**Information provided:**
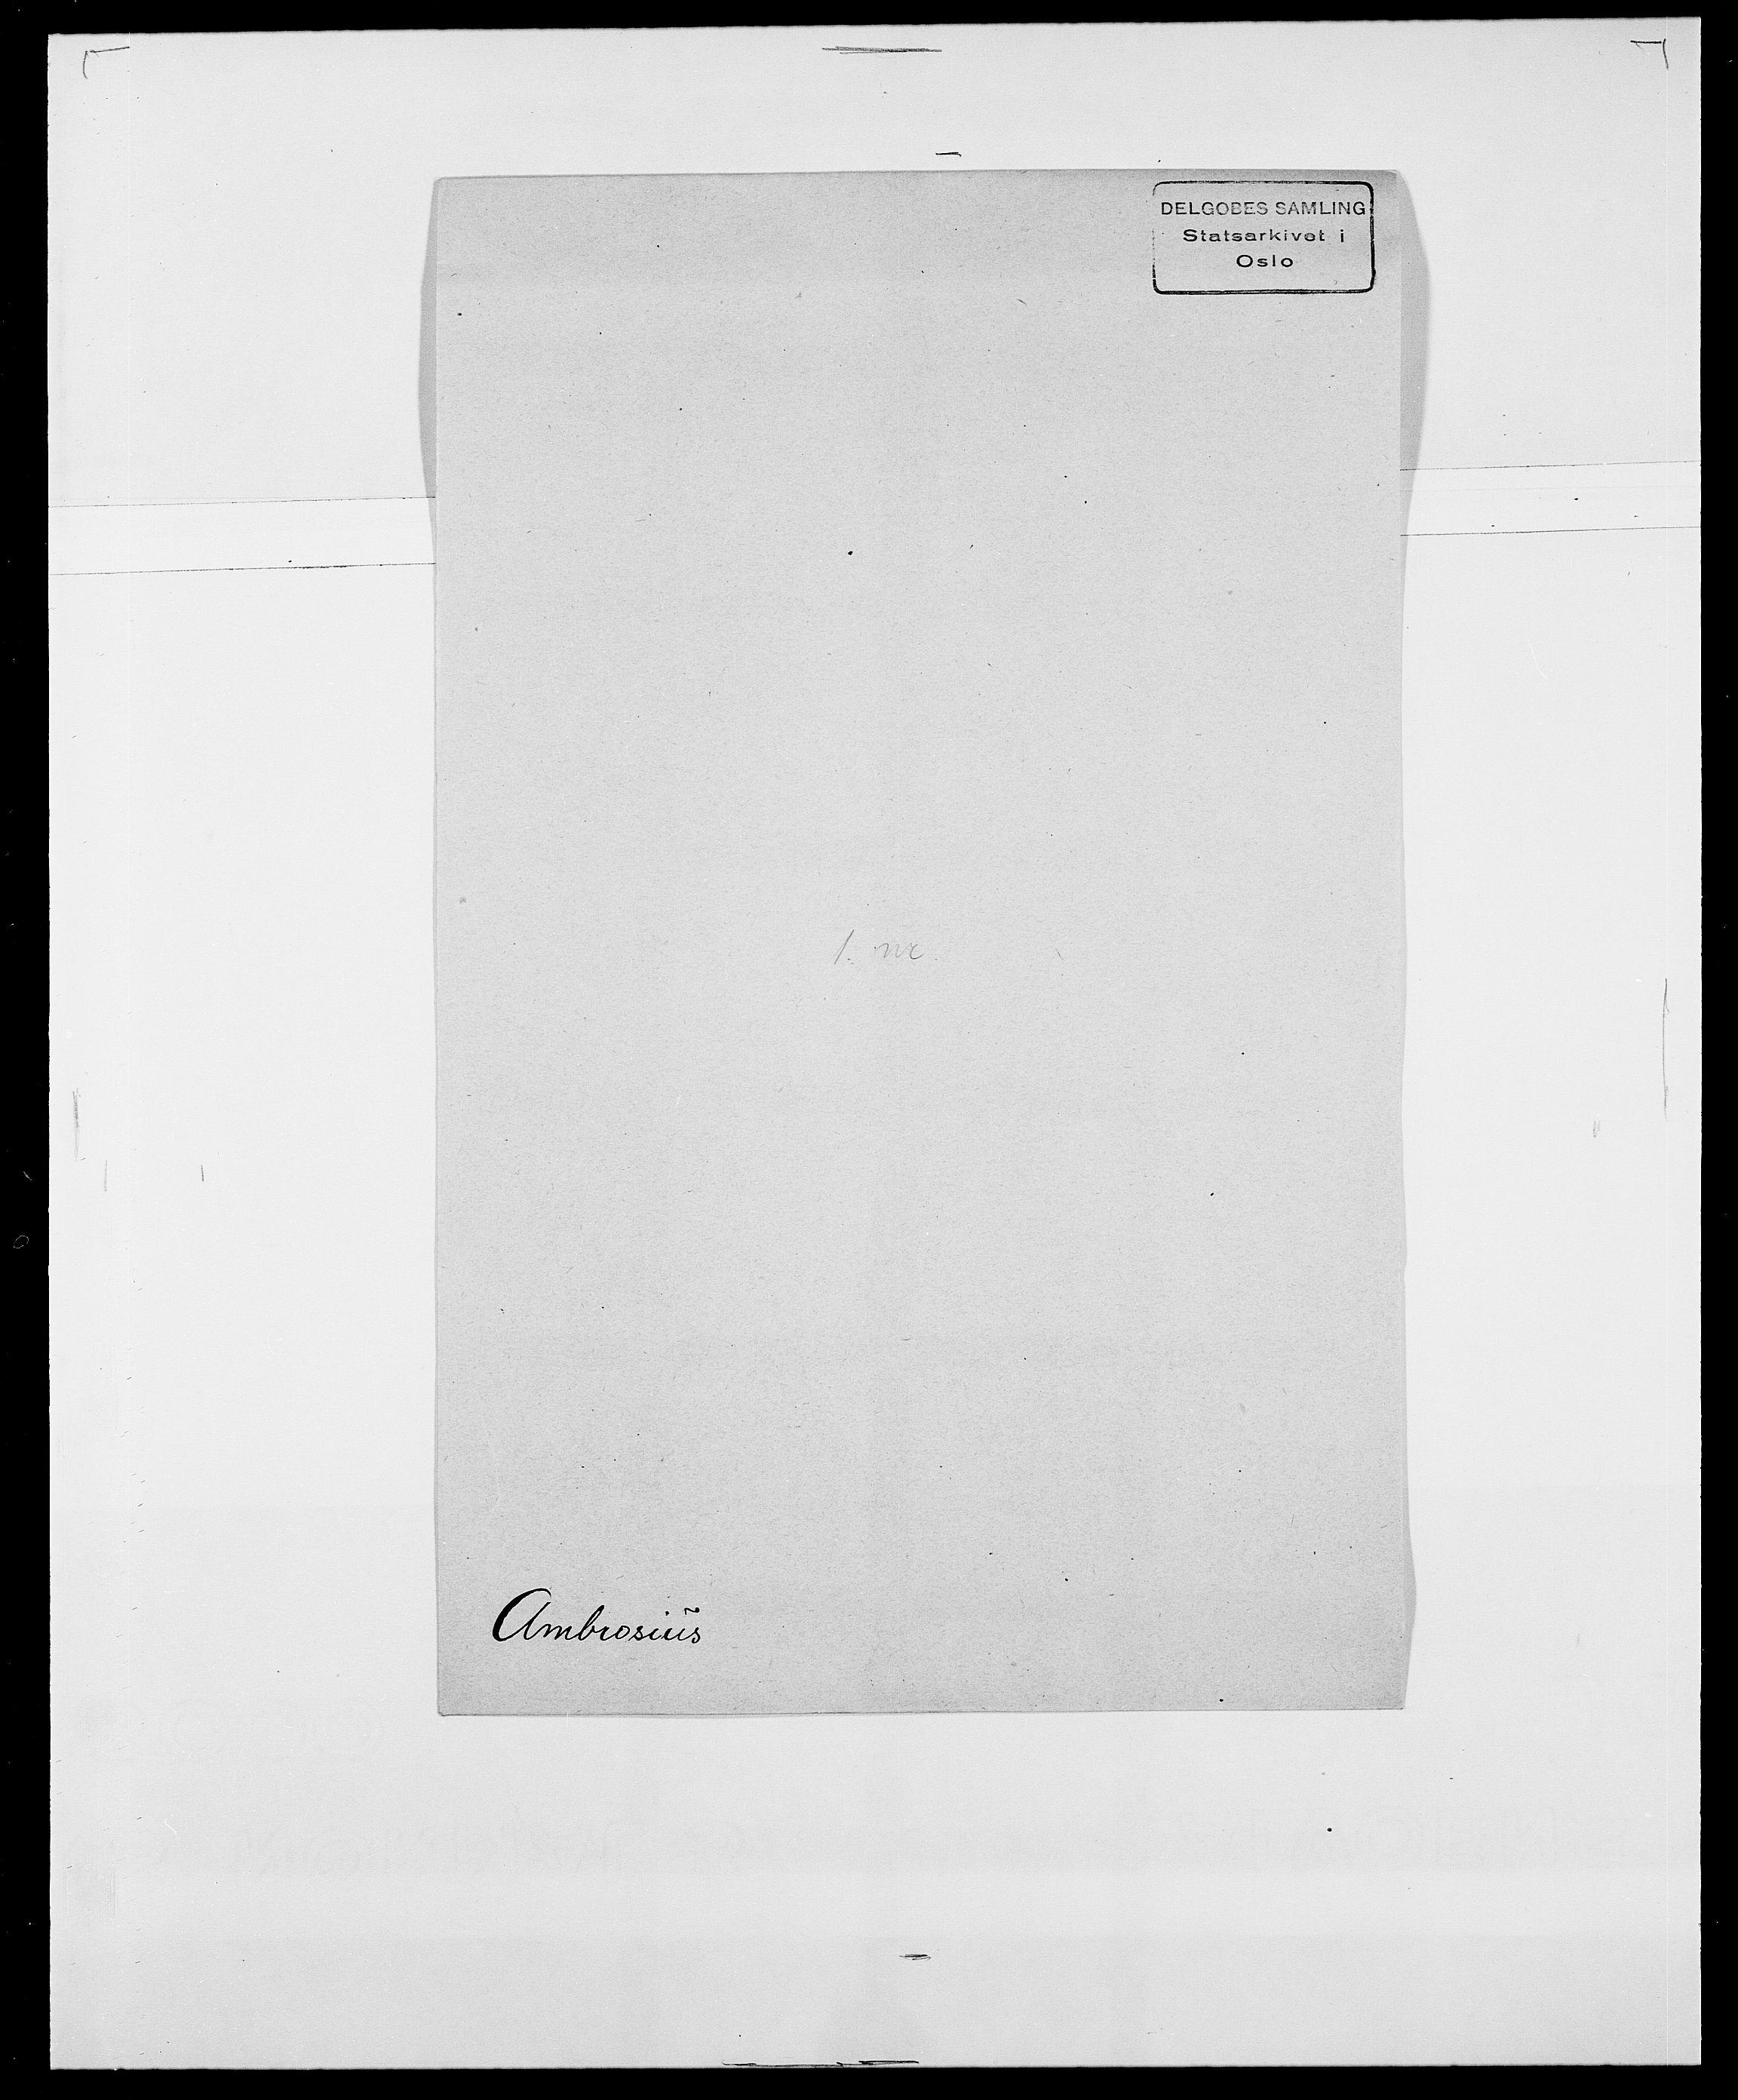 SAO, Delgobe, Charles Antoine - samling, D/Da/L0001: Aabye - Angerman, s. 527
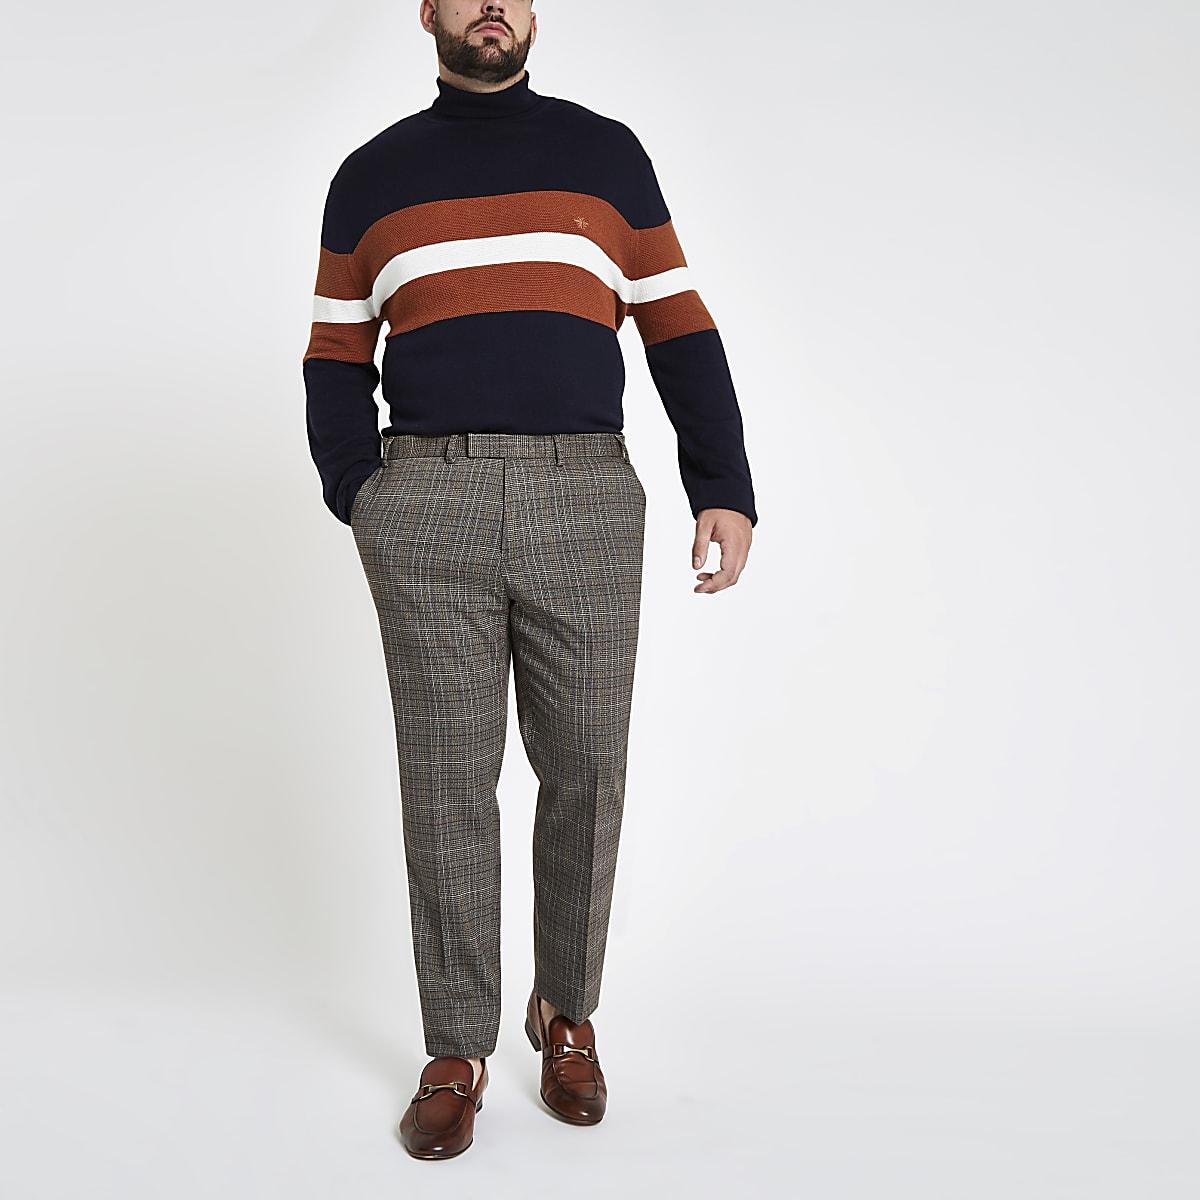 Big and Tall – Pantalon habillé skinny à carreaux gris
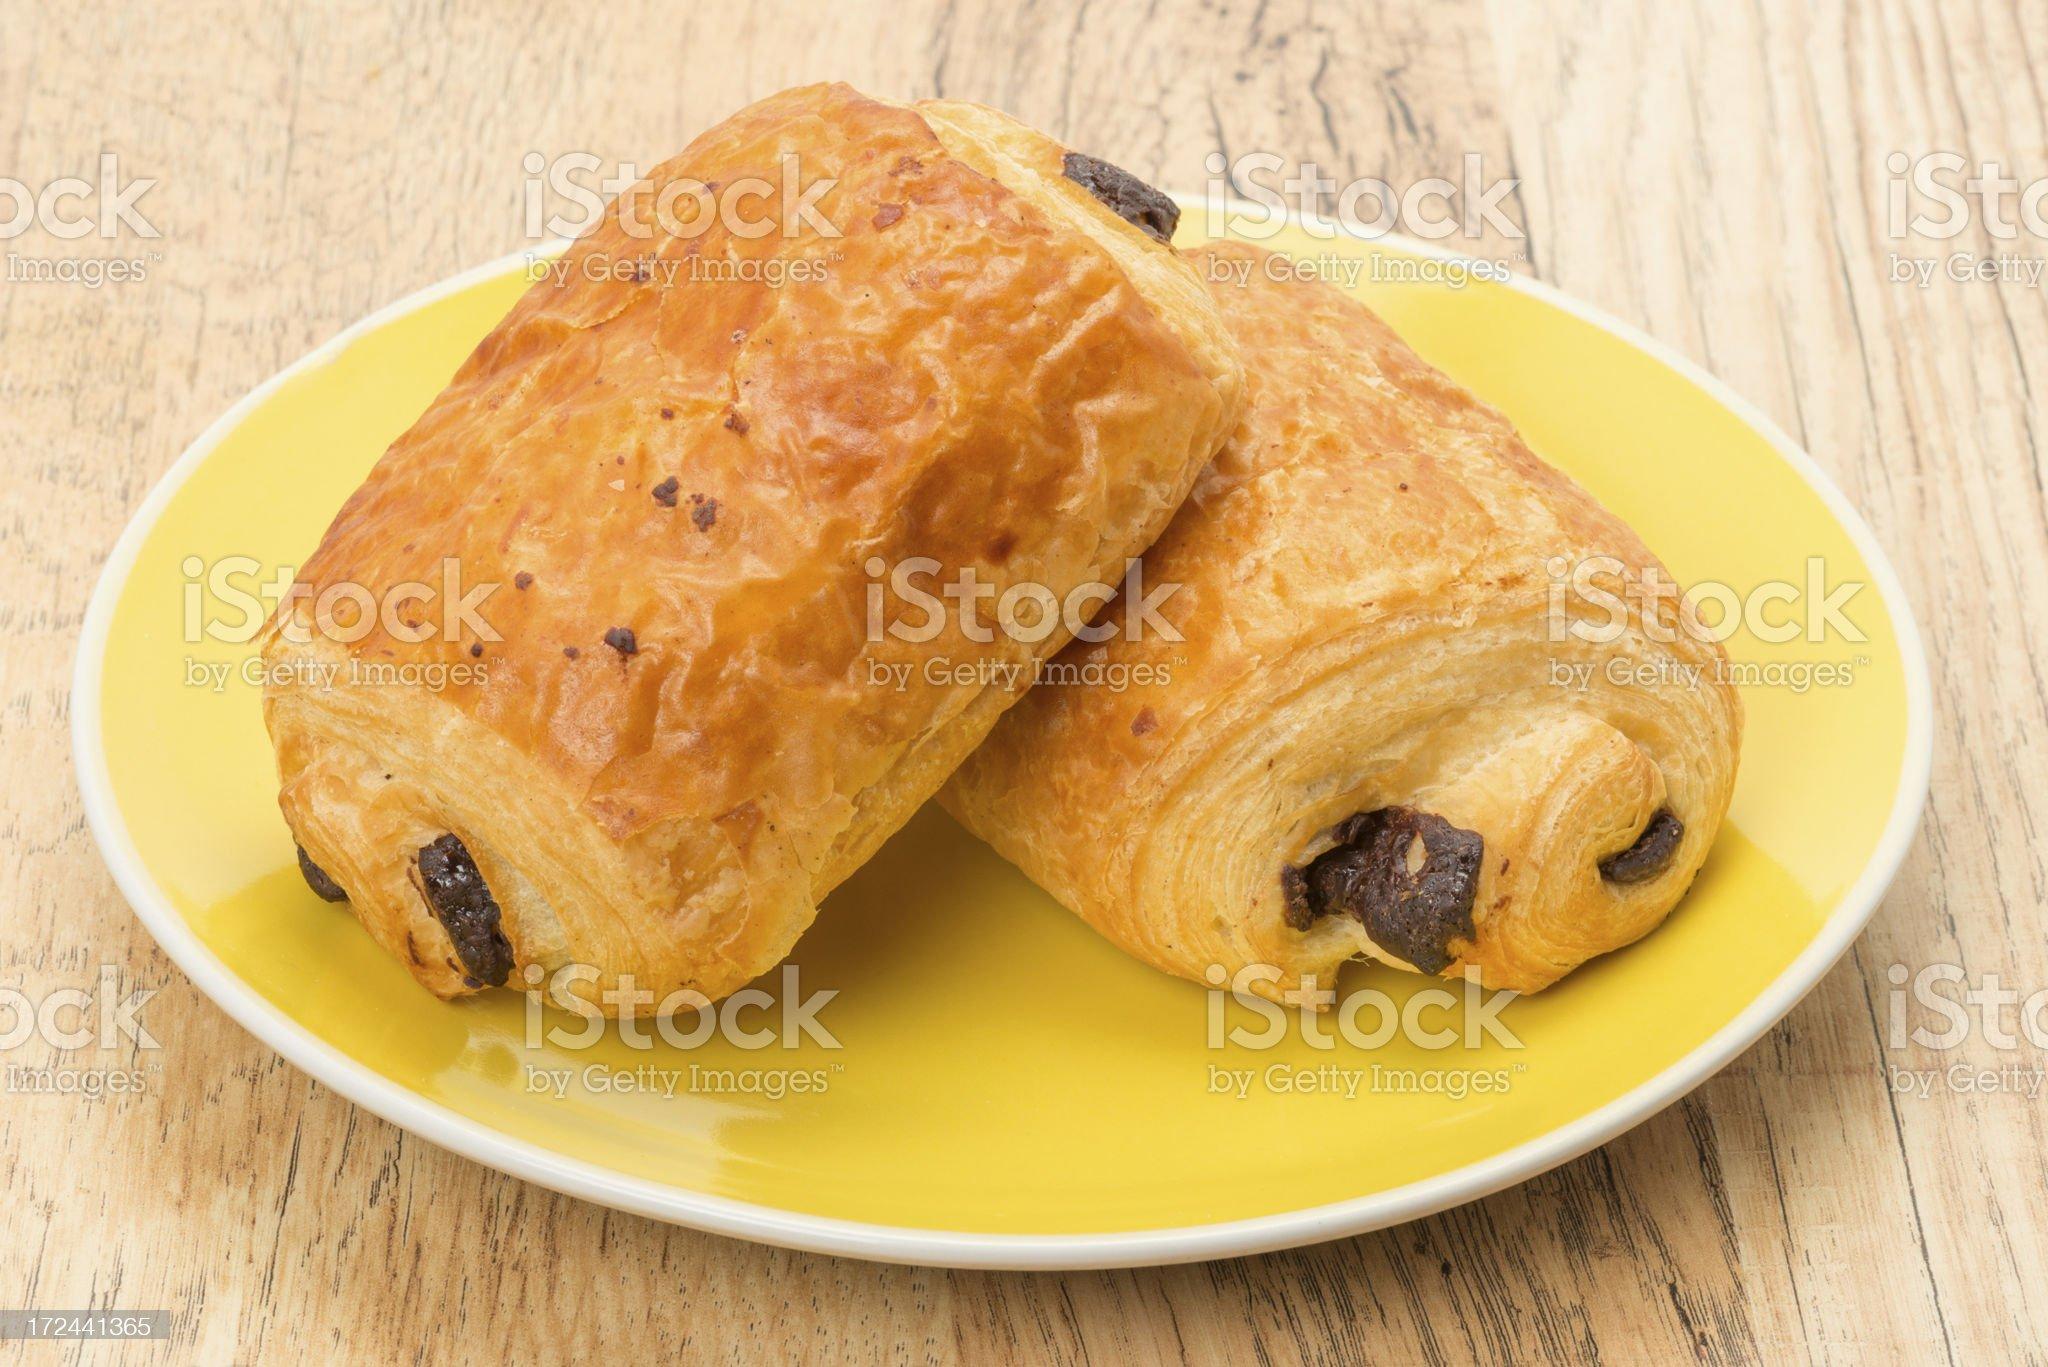 Pain au chocolat pastries royalty-free stock photo

**Exercise prompt:** Please copy the data above exactly, omitting the pictures.

**Answer section:**
 SAO, Delgobe, Charles Antoine - samling, D/Da/L0001: Aabye - Angerman, s. 527
 Big and Tall – Pantalon habillé skinny à carreaux gris
 Pain au chocolat pastries royalty-free stock photo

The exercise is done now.